To simplify the terminology, the term ‘non-financial companies’ refers to industrial companies, which by definition include both manufacturing and trade.

For statistical analysis of the structure of the German company network, see Ziegler (Citation1984), Windolf and Beyer (Citation1996), Beyer (Citation1998), Kogut and Walker (Citation2001), Windolf and Nollert (Citation2001), Heinze (Citation2002).

Münchner Rück, Bayerische Vereinsbank, Bayerische Hypobank and Commerzbank also belong to the network core and are both actively and passively involved.

This cluster is centred on the RAG (Ruhrkohle AG) and its shareholders VEBA, VEW, Krupp and Thyssen. RAG, in turn, holds shares in Ruhrgas.
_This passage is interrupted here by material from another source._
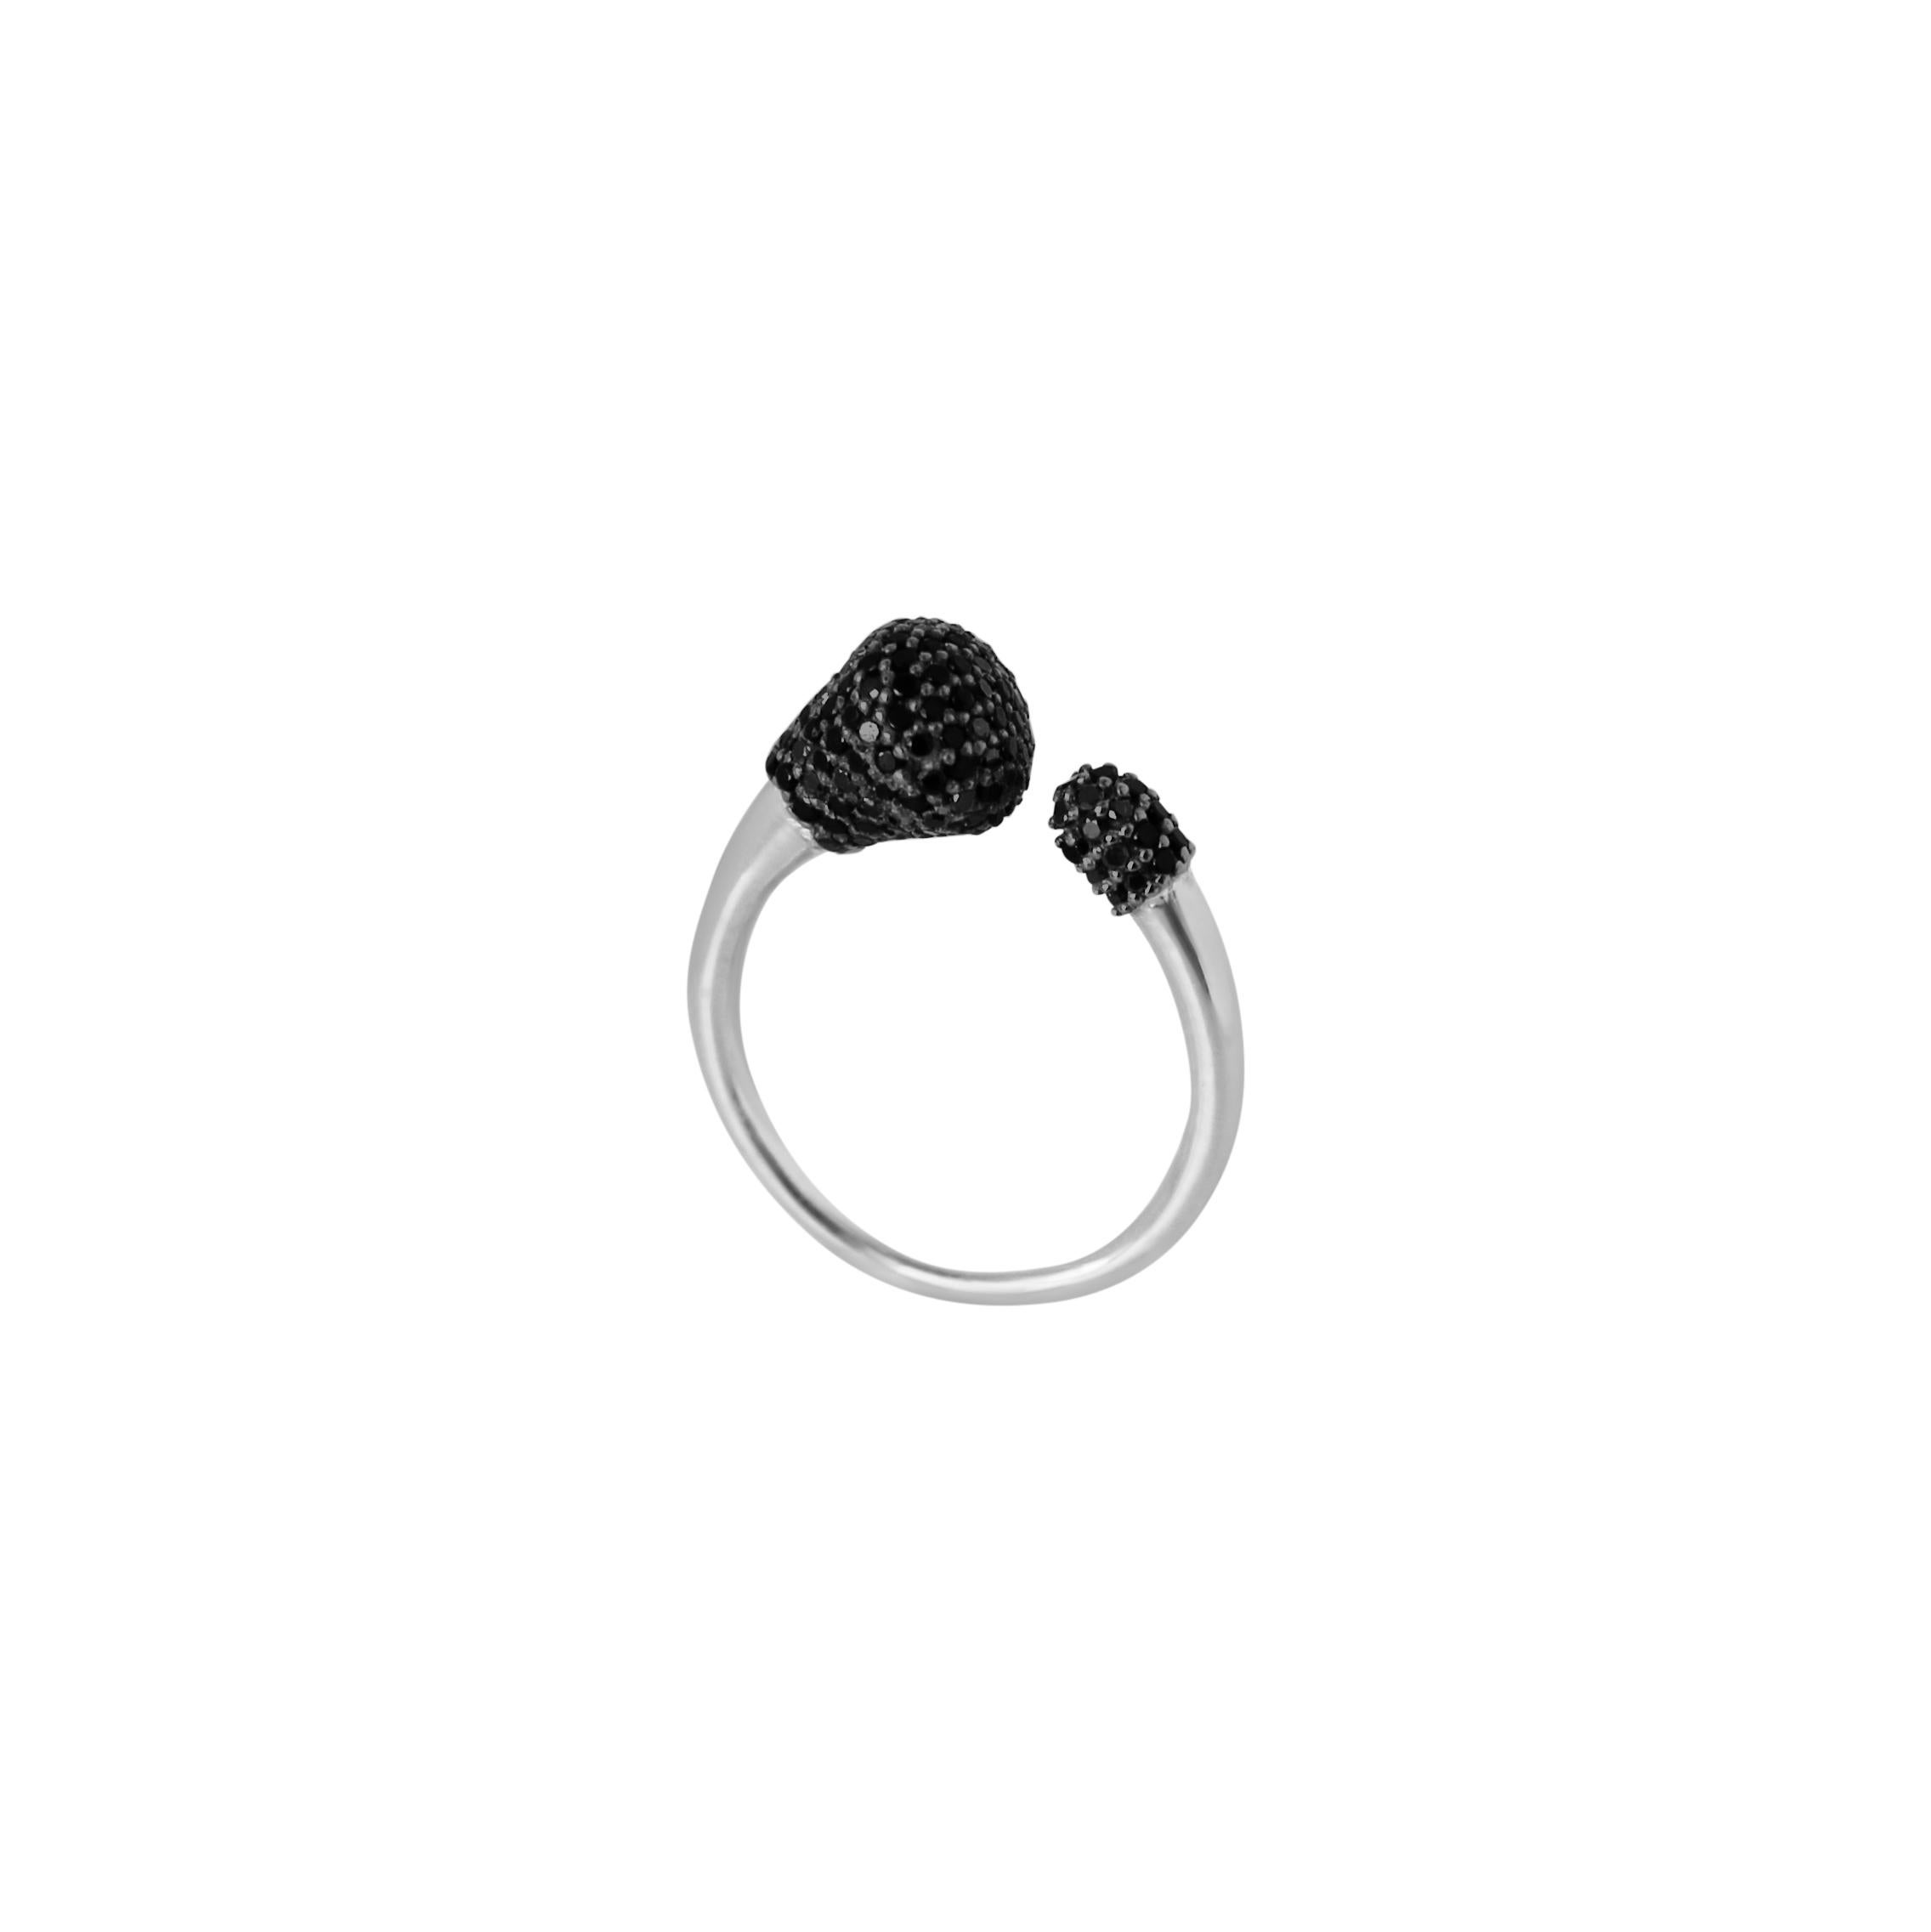 Le design de l'anneau ouvert est à la fois ludique et élégant, défini par l'audace de l'argent sterling et par la sophistication des étincelants diamants noirs sertis. Parfaites portées seules ou empilées avec plusieurs bagues de la même collection.

Additional Ruhrgas shares are held by Mannesmann, Krupp, RWE and VEBA. Further energy and utilities companies are to be found in the periphery of this cluster: Viag, Veag, Bewag, EVS and Hamburger Gesellschaft für Beteiligungsverwaltung.
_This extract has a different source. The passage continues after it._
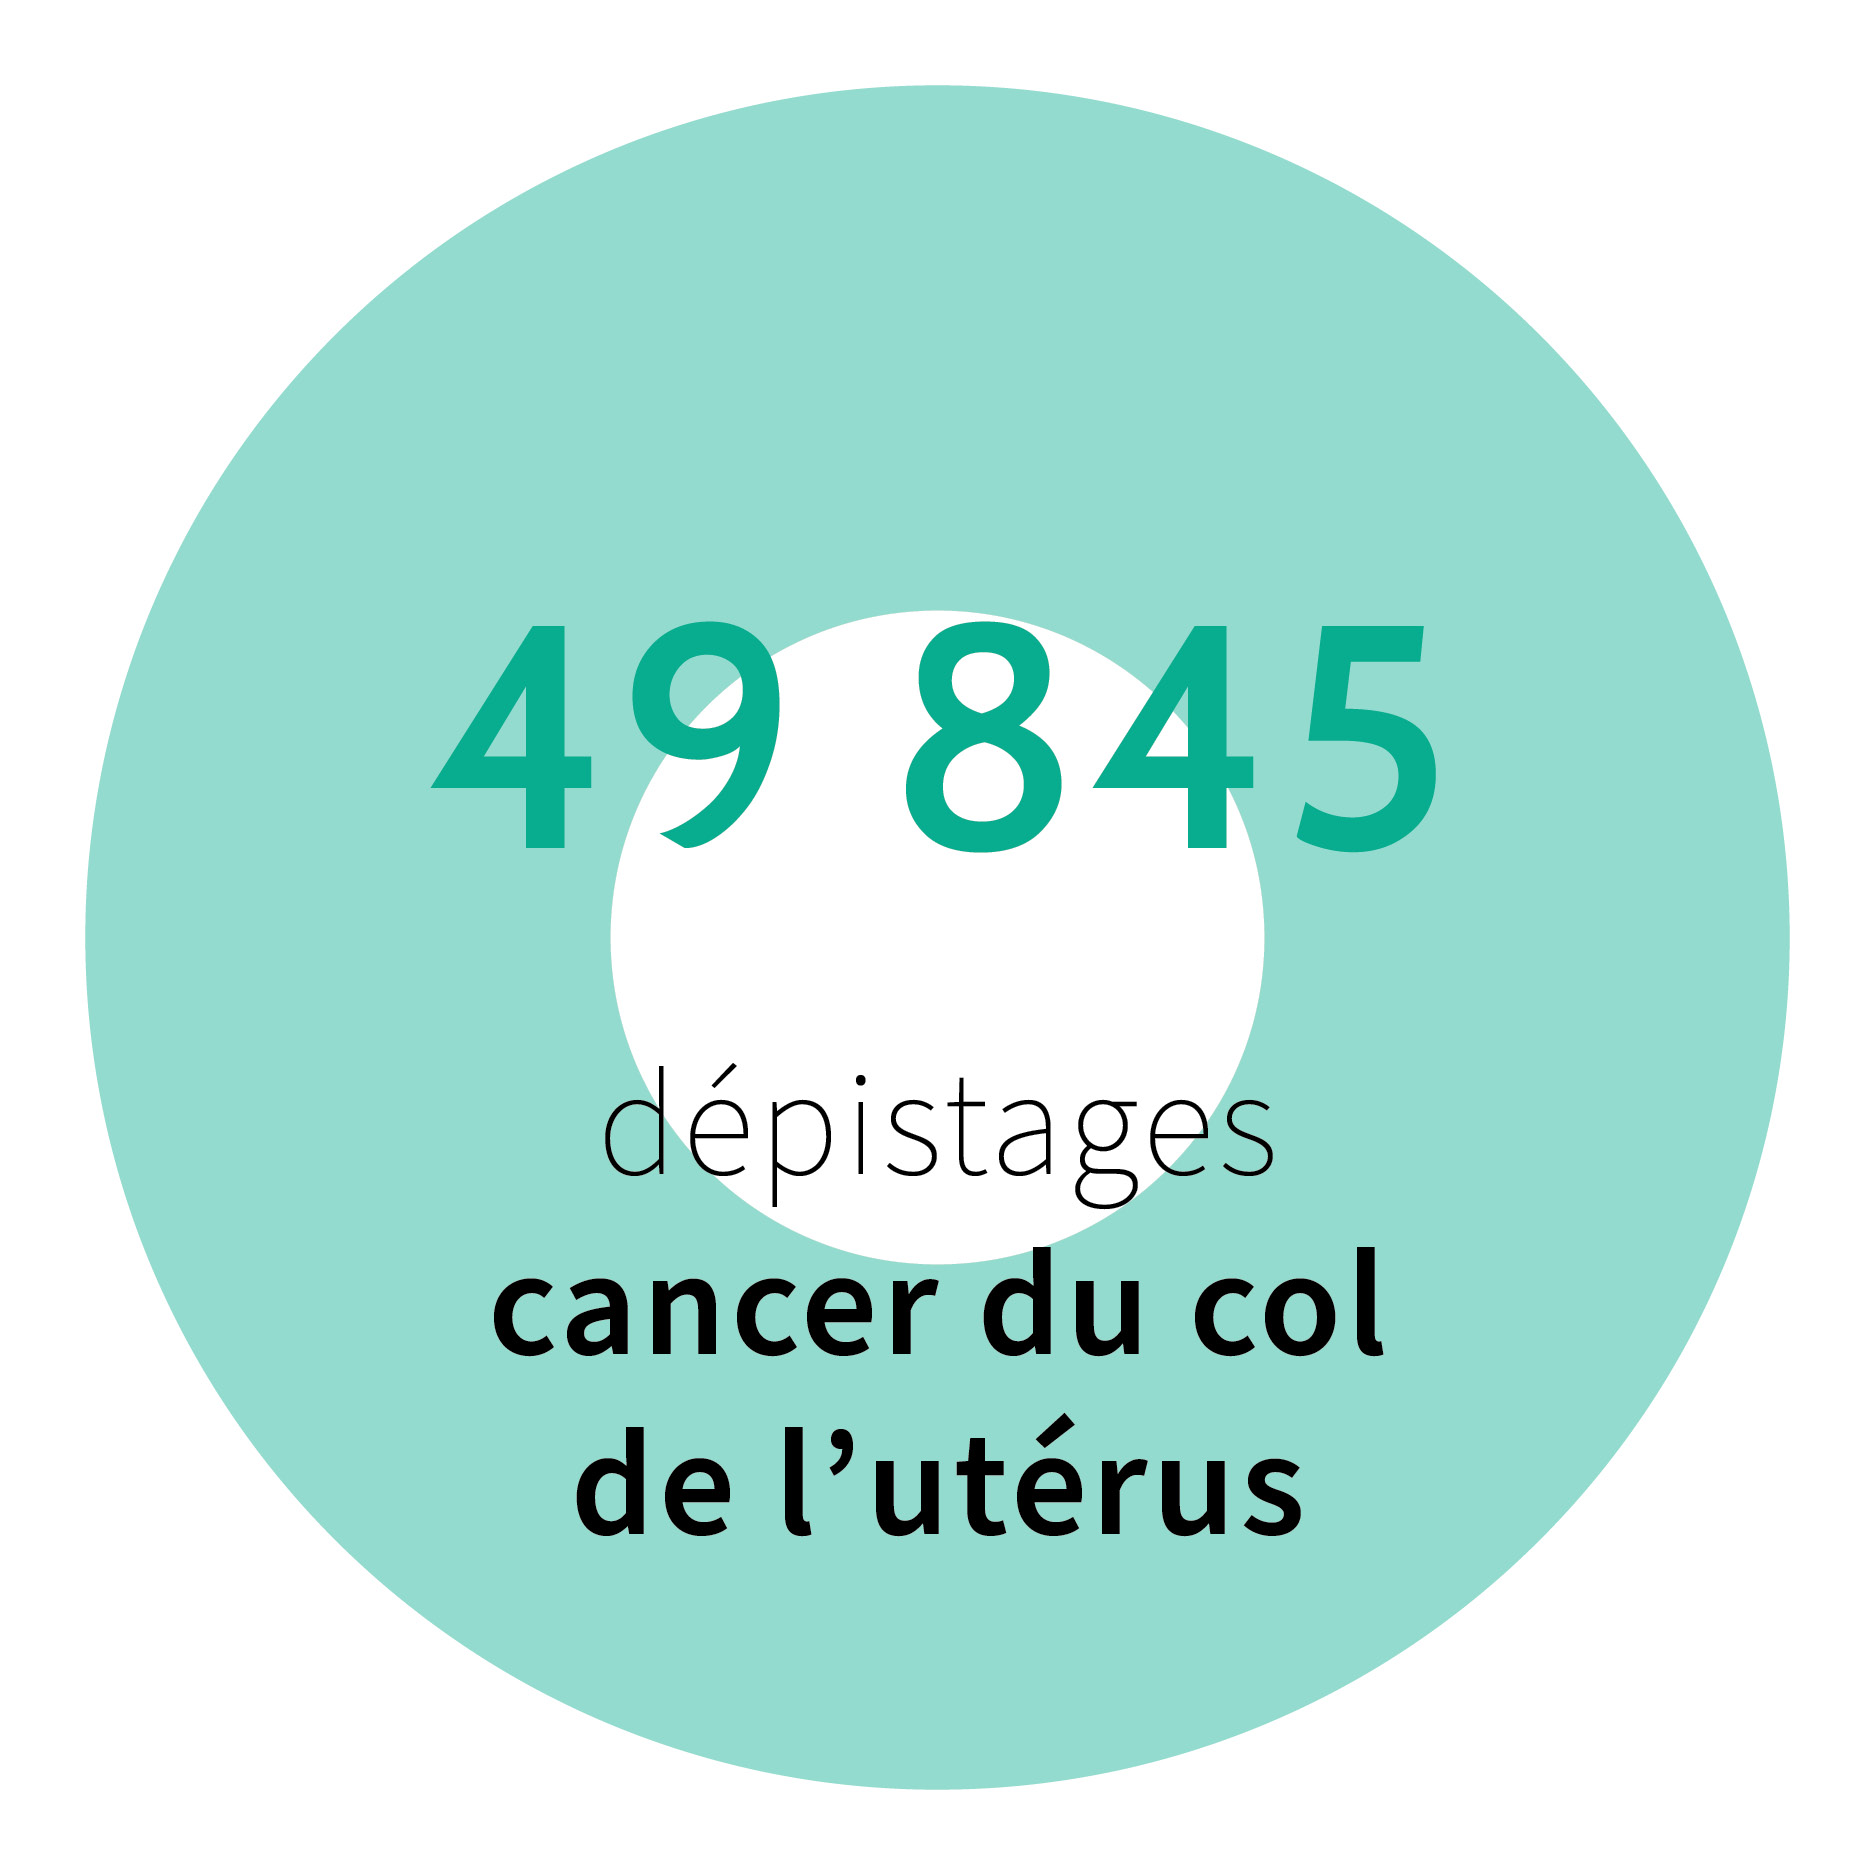 49 845 dépistages cancer du col de l'utérus

Daimler-Benz/Metallgesellschaft, Henkel/Degussa, Deutsche Bahn/Lufthansa, Bilfinger + Berger/Buderus.

However, the example of Deutsche Bank board (since 1933, supervisory board) member Emil Georg von Strauss, who was the vice-president of the Reichstag after 1933, shows that NSDAP involvement could also be found among bankers.

Unfortunately, due to insufficient data availability, it is not possible to adopt the presented visualization technique for historical points before the mid-1990s. With the introduction of the Federal Securities Supervisory Office (Bundesaufsichtsamt für den Wertpapierhandel, BaWE) in 1994, the transparency of capital links increased, since the disclosure of all capital holdings larger than five percent of target companies was required for the first time.

Some mergers and takeovers have reduced the number of companies. Mannesmann has been acquired by Vodafone; Thyssen and Krupp have merged; VEBA and Viag have merged (now e.on); and RWE and VEW have merged. A Swedish energy company has acquired VEAG and Bewag. The structure of the energy cluster would be further simplified by the proposed acquisition of Ruhrgas by e.on. In the financial sector, Bayerische Hypobank and Bayerische Vereinsbank have merged to form Bayerische Hypo-Vereinsbank; and Allianz has acquired Vereinte Versicherungen. In the retail sector, Schiekedanz and Karstadt have formed the new company Karstadt-Quelle. The chemical firm Hoechst has merged with the French company of Rhone-Poulenc; the new company, Aventis, has its home base in France. In the insurance sector, Italy's Generali has acquired AMB. Furthermore, some dropouts and new entrants have changed the structure of the network. Bilfiger + Berger, Deutz, Degussa, VEAG and Victoria (acquired by Allianz) have dropped out. New entrants are privatized companies like Deutsche Telekom and Deutsche Post; the software producer SAP; the media companies Kirch and Springer; EADS, which was formerly the aerospace section of Daimler-Benz, has become a separate company, as well as the de-merged parts of former Mannesmann.